Whilst you’re growing up you make friends.
Primary school friends, high school friends, college friends, university friends, boyfriends, girlfriends, family friends, parents friends, work friends, hobby friends, old friends, young friends.
Some may be in your life for a small amount of time, but some are with you for the long haul.
I have a variety of groups of friends back home in the UK and growing up I never really ever had an issue with making friends. It was easy. You like them, they like you, you find each other interesting and hit it off.
Since moving to Melbourne just under a year ago, I feel like my life has taken a turn completely.
I find it difficult to make friends. I’m quite and easy going person, I love shopping and talking and going out places. I love interacting with people and would say I was quite a social person.
But I’ve noticed, I’ve turned into a bit of an isolate person. I find that I enjoy my own company a lot. I like doing things on my own. I don’t know whether this is true or if I’ve been forced to by my living situation.
Now I know how normal it is to want to spend time with yourself with no one around. But as a professional working in mental health, I also know it’s not a good thing either.
So my question is, how the heck do you make friends in a completely different country?
I’ve tried going to the gym, I’ve tried being nicer at work and have made a effort with colleagues. But I feel like at this age, you’re allowed to pick who you want to spend time with.
Maybe I’m just too selective and fussy.
But I know the type of friends I want. The ones I have back home.

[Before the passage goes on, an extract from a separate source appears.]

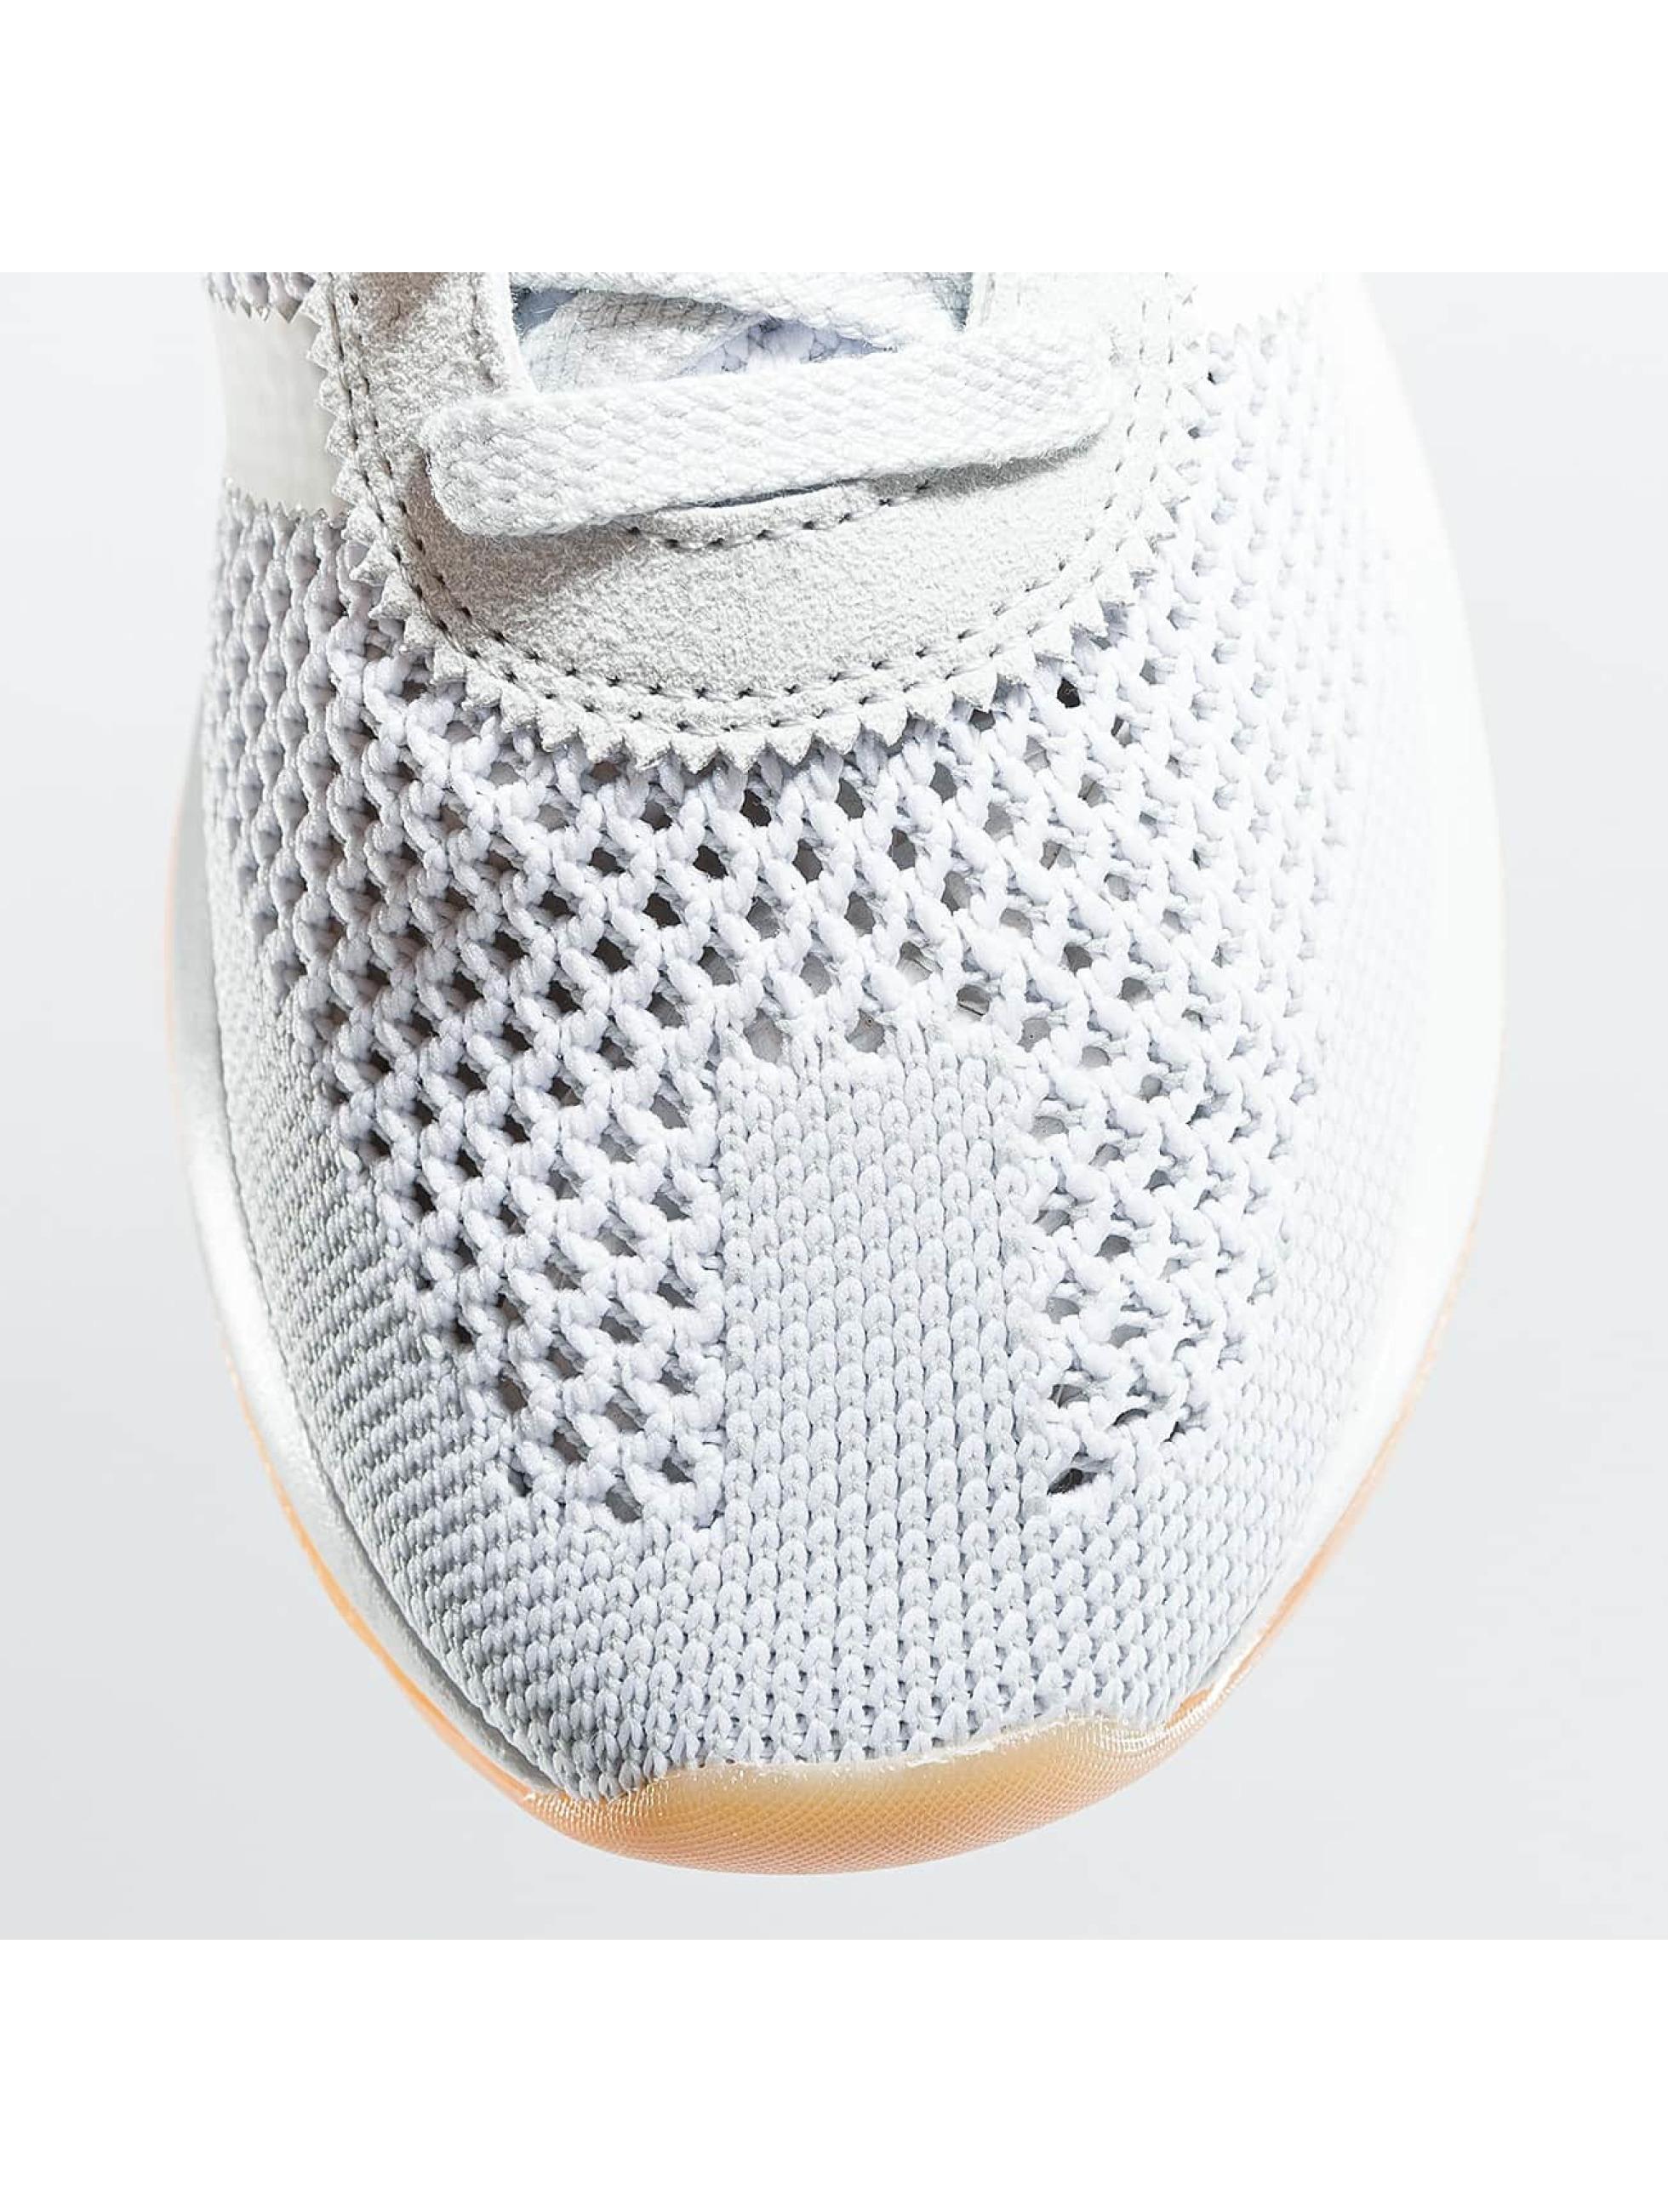 adidas originals Baskets FLB W PK blanc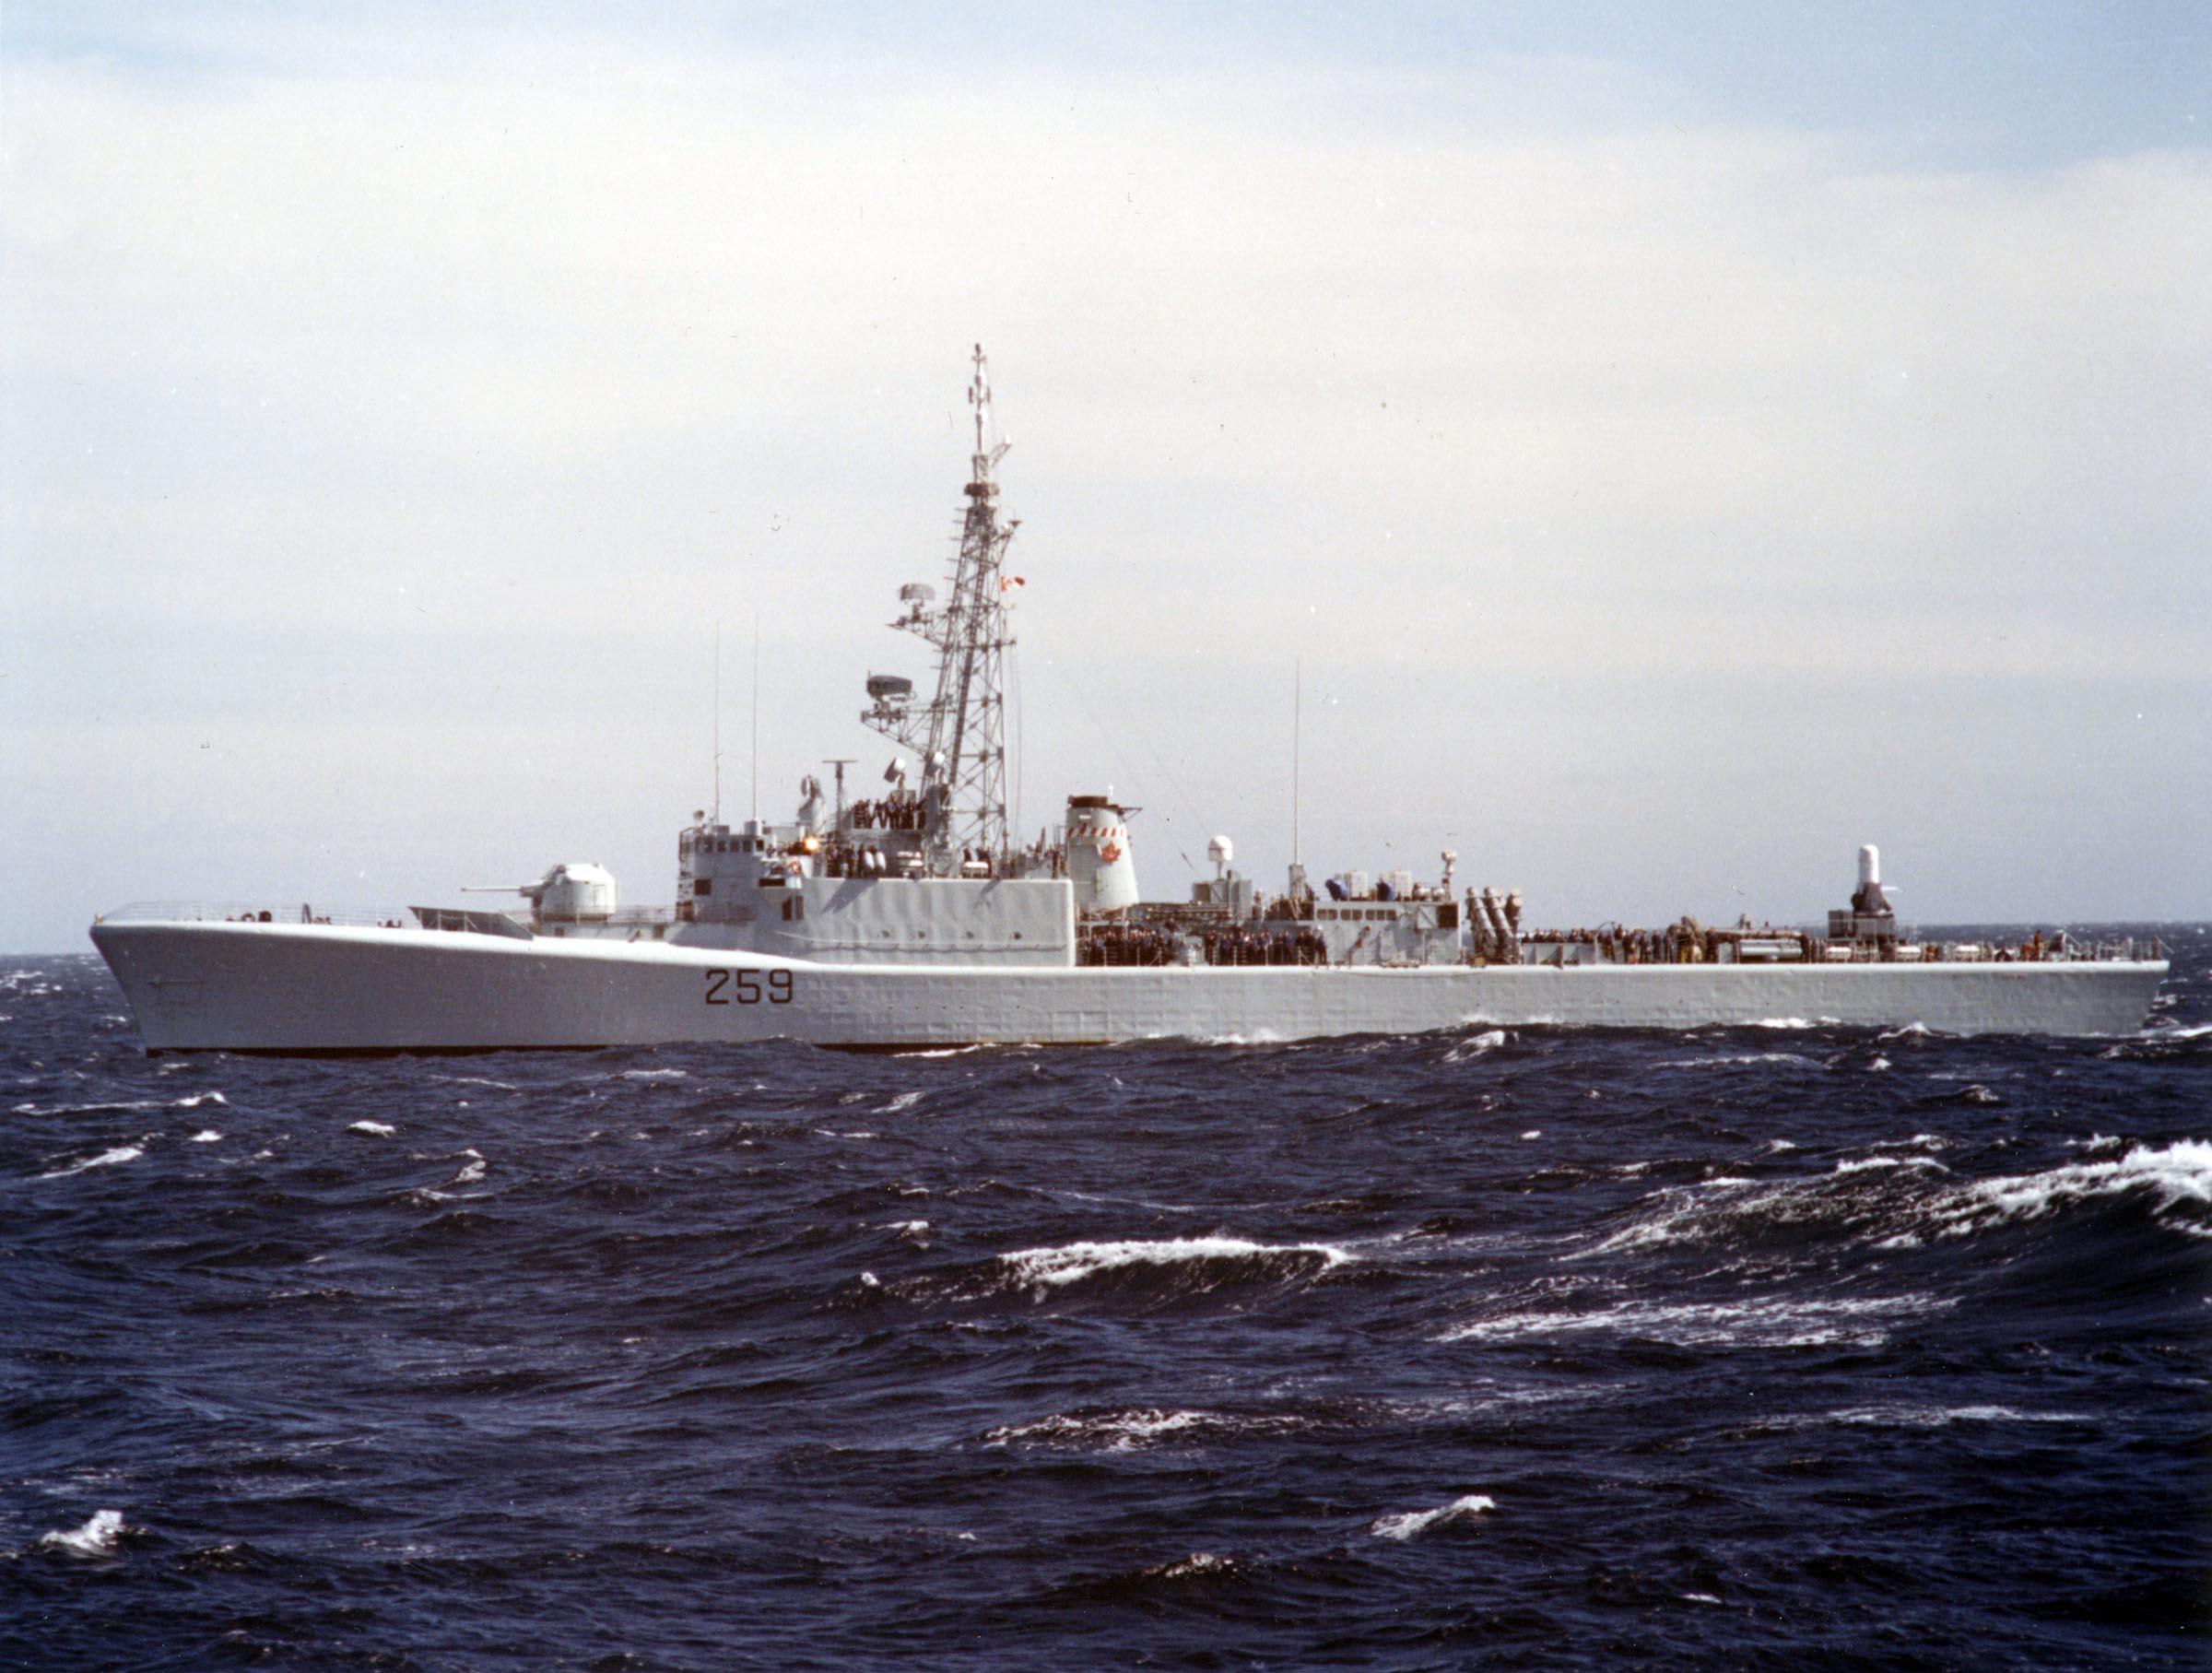 HMCS TERRA NOVA

There must be people who are like them in Melbourne. Not everyone can be as non desirable as some of my colleagues or the people at the gym.
I don’t want to be a loner.
I want to go shopping with other girls. I want to go for food with people other than Dave – he’s awesome but it’s nice to have a change.
I pluck up the courage to talk to my mum about it and she tells me to go out and meet people. Where?
I don’t want to go out on my own and start chatting up people for a friendship. I don’t want to be that weirdo who people hope you don’t approach them.
So if any nice 20 odd year olds in Melbourne see this, give me some tips and pointers. How do you find nice friends in is beautiful city?